AgentXRay reconstructs explicit chain workflows that approximate black-box agentic systems from input-output access alone.

A machine-rendered reading of the paper's core claim, the machinery that carries it, and where it could break.

The paper defines Agentic Workflow Reconstruction as the task of building an explicit, editable workflow that stands in for an opaque agentic system. AgentXRay casts this as combinatorial search over sequences of agent roles and tool calls, solved with Monte Carlo Tree Search plus Red-Black Pruning that trades off output proxy quality against depth. The resulting white-box chains match target outputs under an observable metric without ever touching model parameters or internal states. Experiments across domains show the pruned search reaches higher proxy similarity while consuming fewer tokens than unpruned baselines, so more of the workflow space can be examined inside a fixed budget.

Core claim

AgentXRay formulates the reconstruction of agentic workflows as a combinatorial optimization over discrete chain-structured spaces of agent roles and tool invocations, solved via Monte Carlo Tree Search augmented by scoring-based Red-Black Pruning that integrates proxy quality with search depth to produce stand-in workflows matching black-box output behavior.

What carries the argument

Monte Carlo Tree Search enhanced by scoring-based Red-Black Pruning that dynamically balances proxy similarity against search depth inside the chain workflow space.

If this is right

Reconstructed workflows serve as editable white-box substitutes for black-box agents.
Pruning reduces token use and permits deeper workflow exploration under fixed iteration budgets.
Output-only access extends the method to proprietary or closed agentic systems.
Higher proxy similarity directly improves behavioral matching across tested domains.

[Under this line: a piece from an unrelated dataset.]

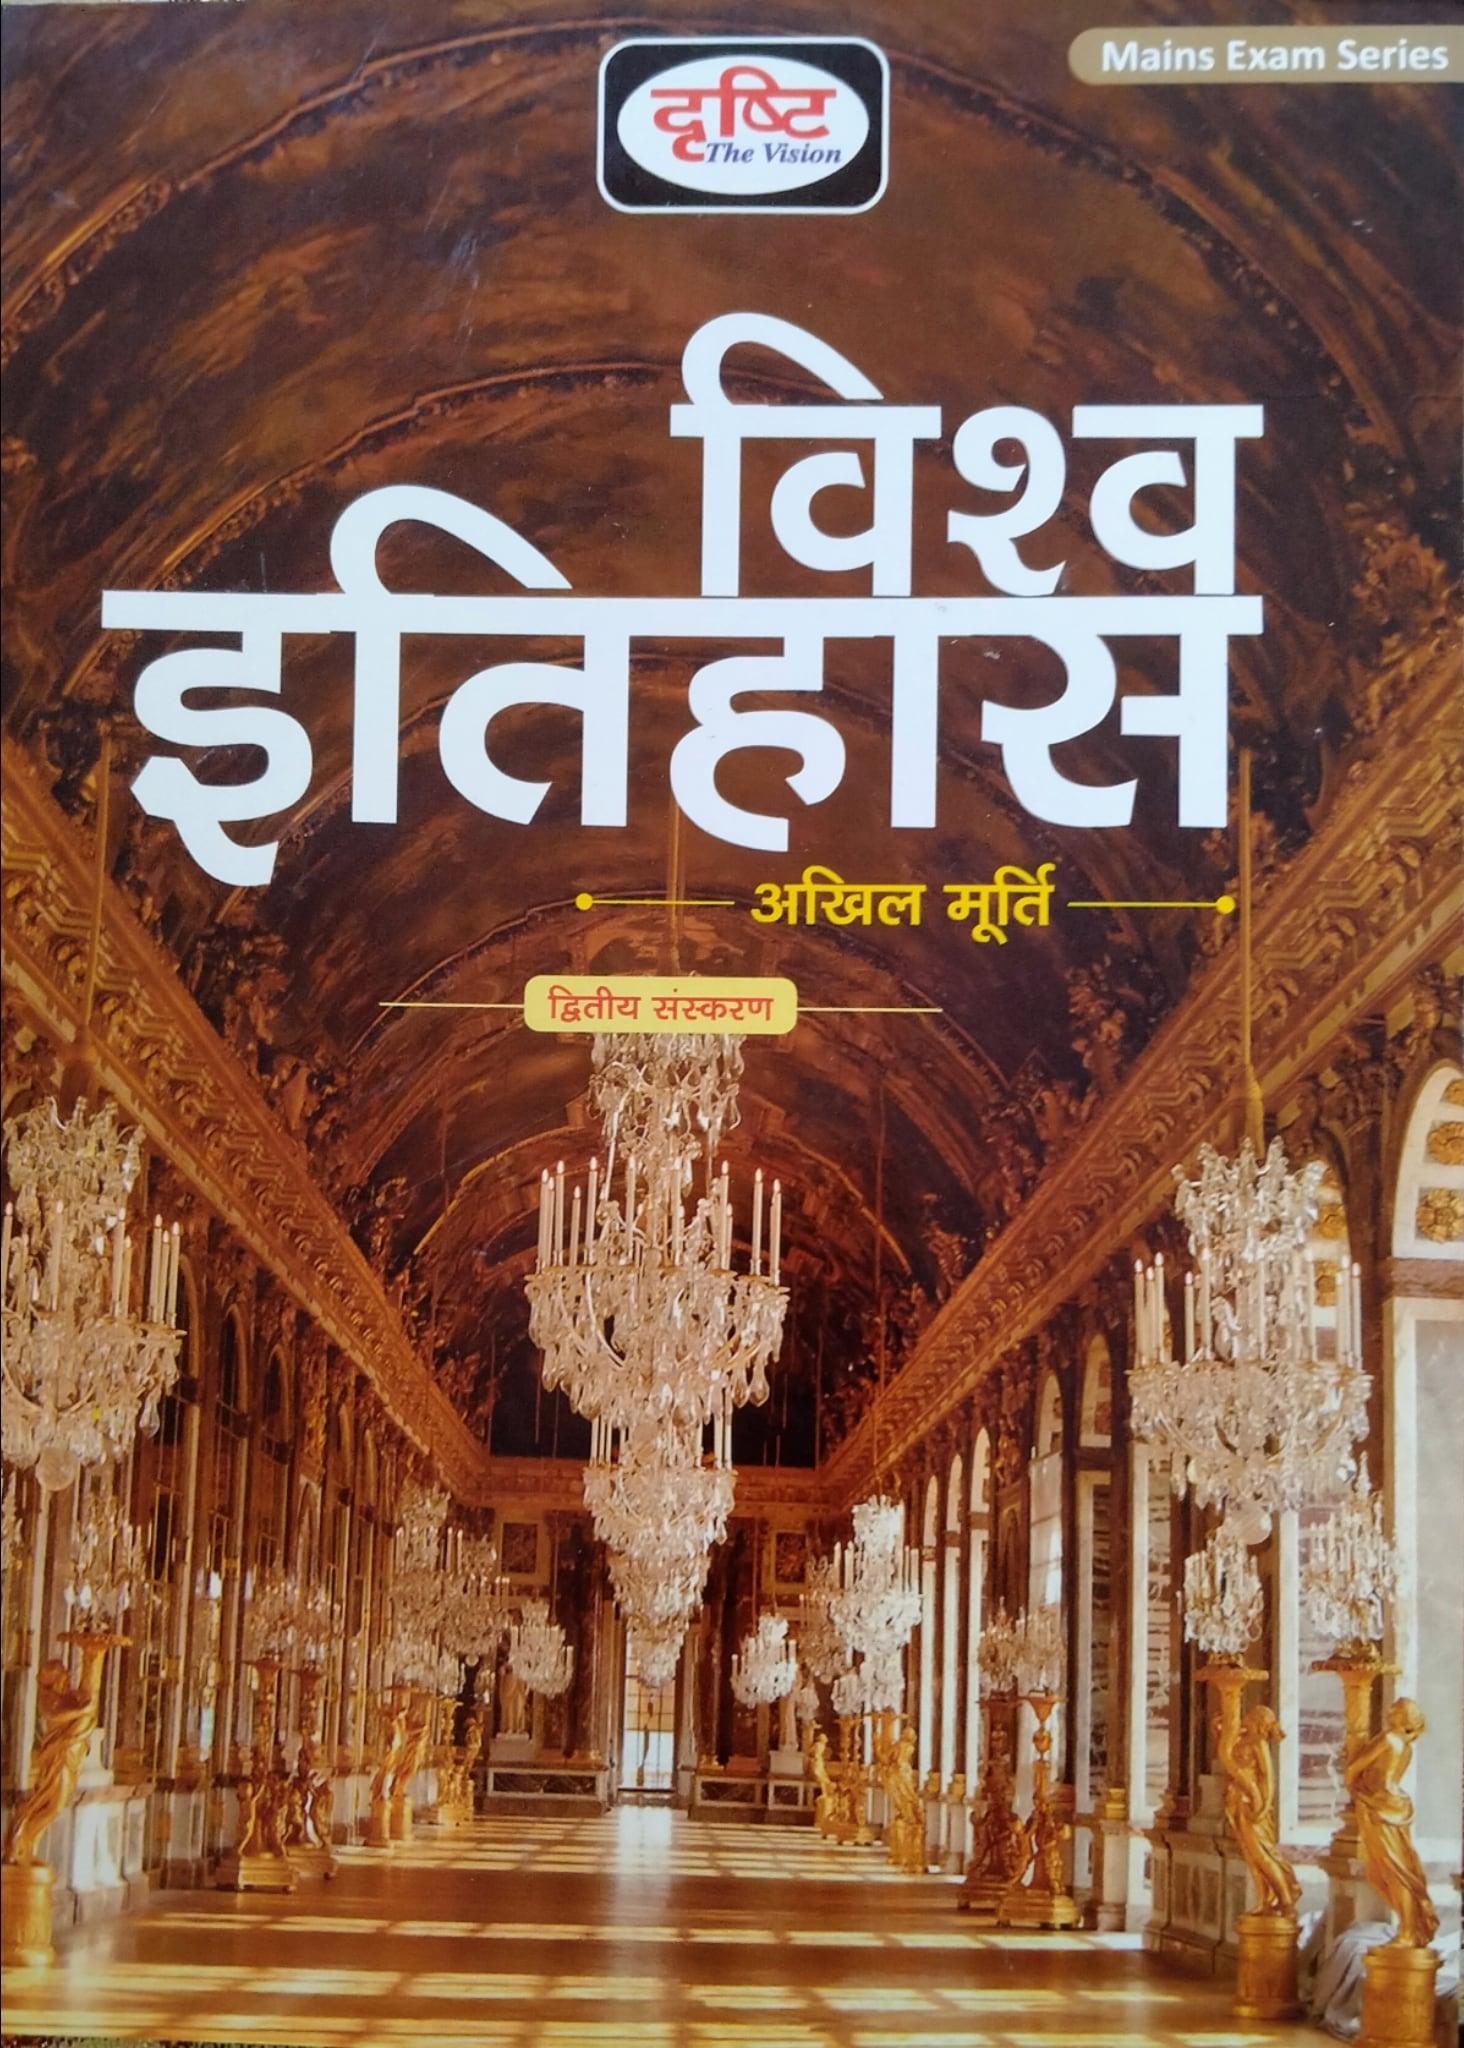 Dristhi Vishva Itihas 2nd Edition Mains Exam Series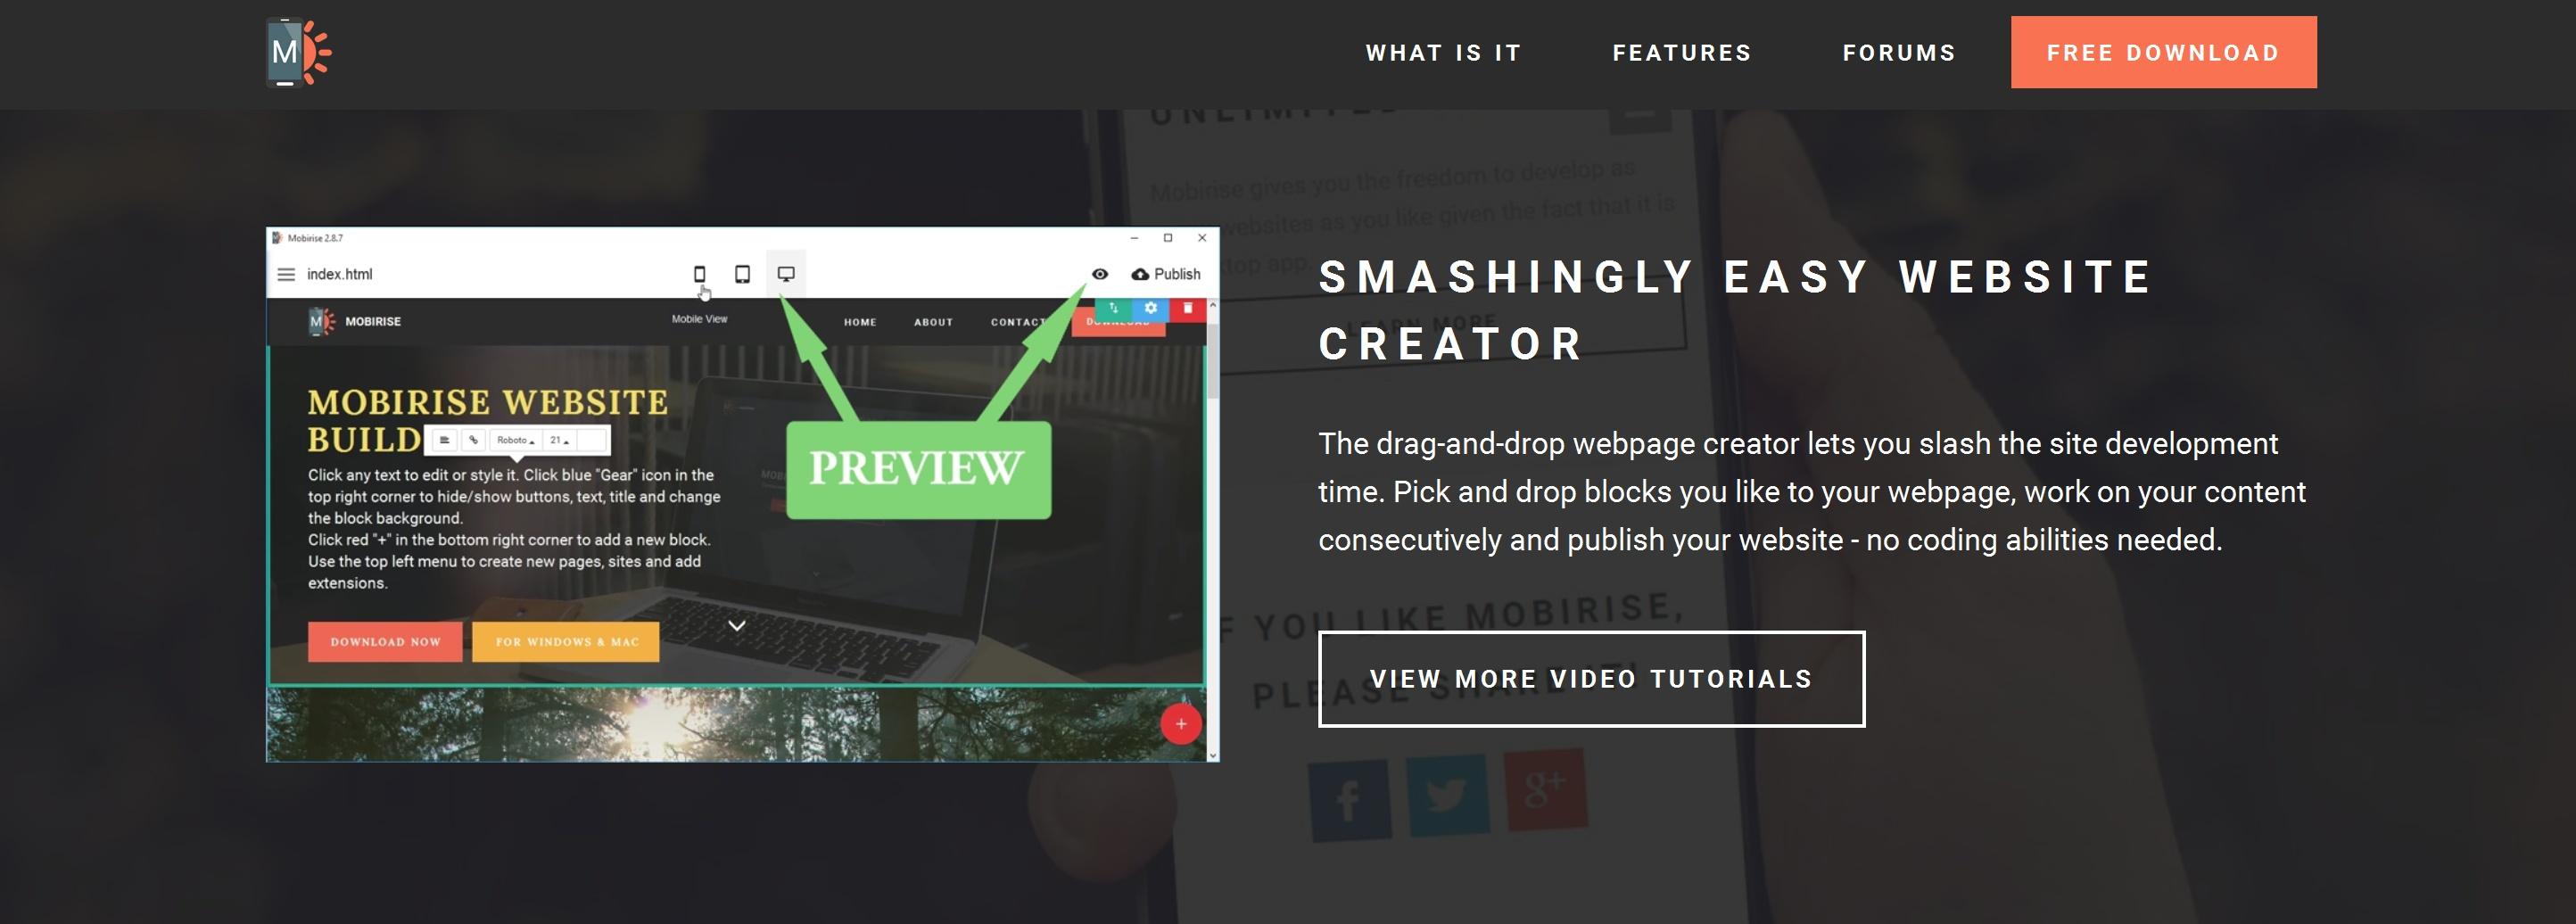 Free HTML5 Web Page  Creator

Where Pith is reading between the lines

These are editorial extensions of the paper, not claims the author makes directly.

If chain structures capture most agent behavior, editing the explicit workflow could allow direct debugging or controlled modification of the approximated agent.
Extending the same search idea from chains to graph or tree topologies might handle collaborative multi-agent systems.
The approach could support auditing of deployed agents by producing human-readable approximations that reveal decision patterns.
Similar reconstruction techniques might apply to other opaque sequential decision systems beyond LLM agents.

Load-bearing premise

That an output-based proxy metric evaluated only on chain-structured workflows can sufficiently approximate the behavior of arbitrary black-box agentic systems.

What would settle it

A black-box agent for which no chain workflow found by the search achieves high proxy similarity on held-out inputs, or for which the approximation collapses after a small internal change to the target system.

Figures

Figures reproduced from arXiv: 2602.05353 by Chen Qian, Dewen Liu, Houbin Zhang, Huatao Li, Jingru Fan, Ruijie Shi, Runde Yang, Yuan Cheng, Yuecheng Han, Yufan Dang, Yuheng Wang.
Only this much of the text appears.